Now, another way is you let it sit and just drag it on the bottom with the reel. I just point the rod tip down, I'm dragging it along and just letting it crawl on the bottom. Here I'm trying to imitate like a crawfish or maybe a sculpin, something along those lines. Some kind of a fish that's feeding off the bottom, that's what I'm trying to do. Just kind of slowly crawl along the bottom. And a lot of times the fish will pick it up just when you're doing that. Now how fast you crawl it, really depends. You're gonna have to play with it a little bit and figure out what it is the fish want.
One other way I like to fish the tube is a little bit unique to the bait itself, and that is I like to go over submerged weeds, say standing weeds. Milfoil, hydrilla, coontail, that sort of stuff, anywhere from 10 feet deep and deeper. I'll take the bait and I'll just drop it over the side of the boat here and feed it some line and get it down there towards the bottom, all right? Once it hits the bottom then what I'll do is, I'll bring the bait up a couple feet of the bottom and then I'll just dance it. Just pop it around like that. And if you're in real clear water, say 6 feet or so, 7 feet, 8 feet of visibility you can watch the fish. They'll come up and look at it. And then all you do is drop it on a slack line. Just drop it straight down until it hits the bottom. When you lift up on it a lot of times fish will have it. You attract them by bringing it up off the bottom, shaking it like this, giving it a little bit of time then straight drop. And it causes a reaction strike. They come up to it, check it out, see what's going on. They see it fall, and one of them will hit it. Great way to catch fish when they're in the weeds.

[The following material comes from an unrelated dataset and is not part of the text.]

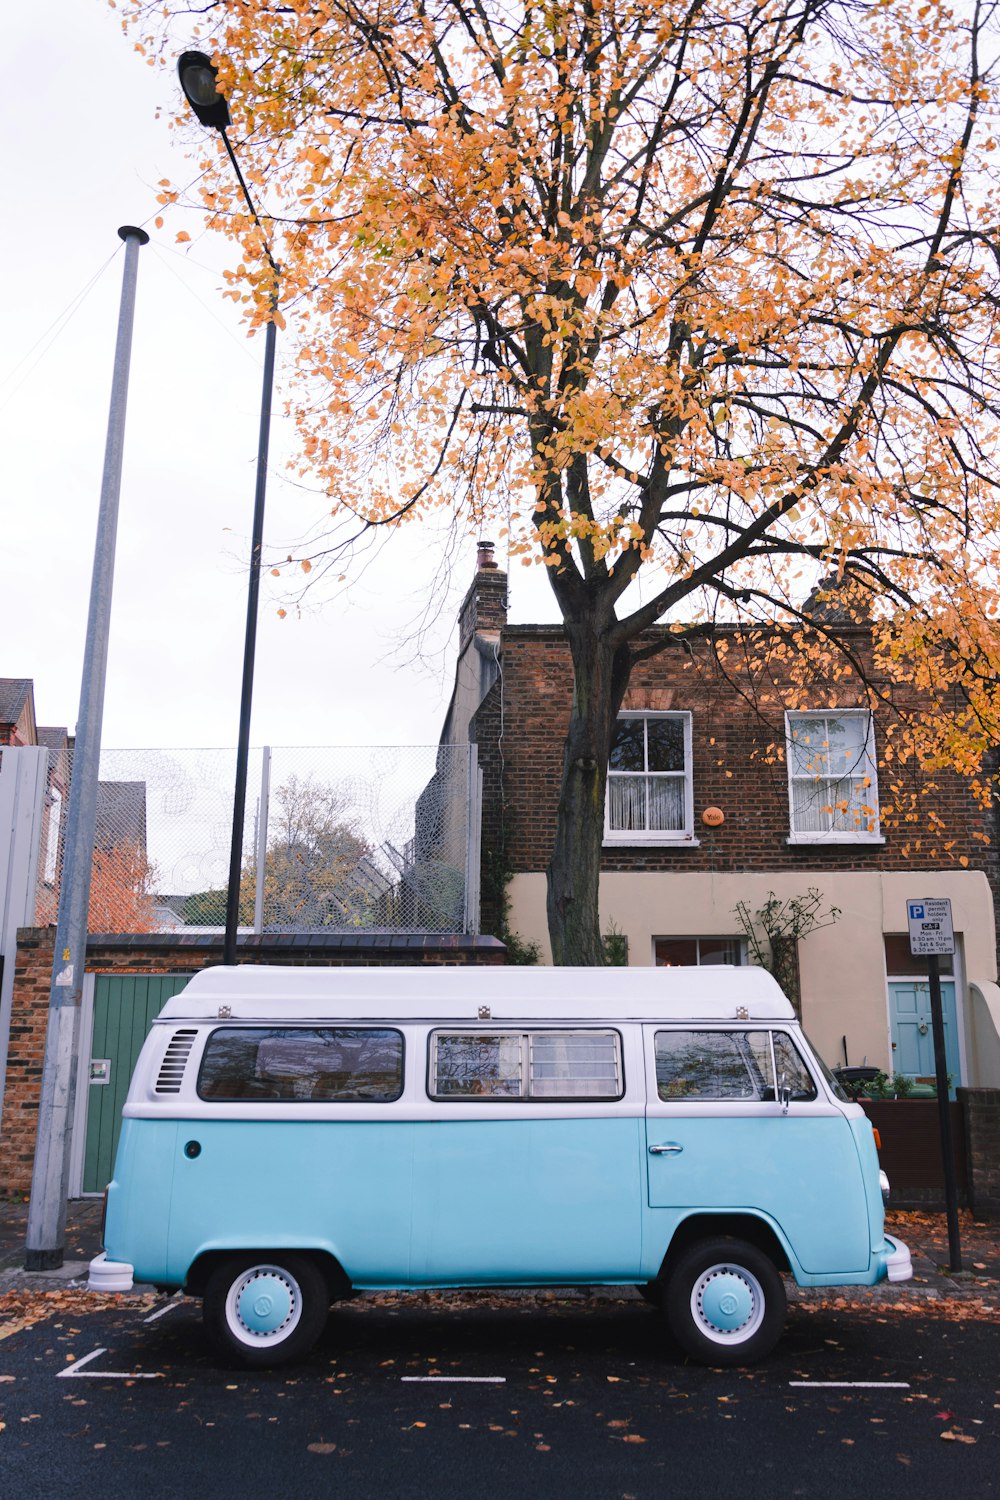 Whiet and blue van photo – Free London Image on Unsplash

So yeah, I like to flip and pitch it in the warmer months. I do enjoy doing that but the main areas I focus on in the warmer months, and in the winter time too a lot of times, is in main lake points. I fish offshore structure like humps, rock piles, creek channels, anywhere where a creek bend comes in close to the shoreline. Those are the things I like to target in the summer time when I'm not flipping and pitching in the shallow cover like this. In the spring and in the fall, definitely go shallow then. Then I'll go in the back of creeks, in the back of coves, protected bays, secondary points, flats. Those are the type of things and again, flipping and pitching into shallow cover like this, that's the kind of stuff I like to target. If you do that using some of the techniques I just showed you you're gonna catch a lot of fish.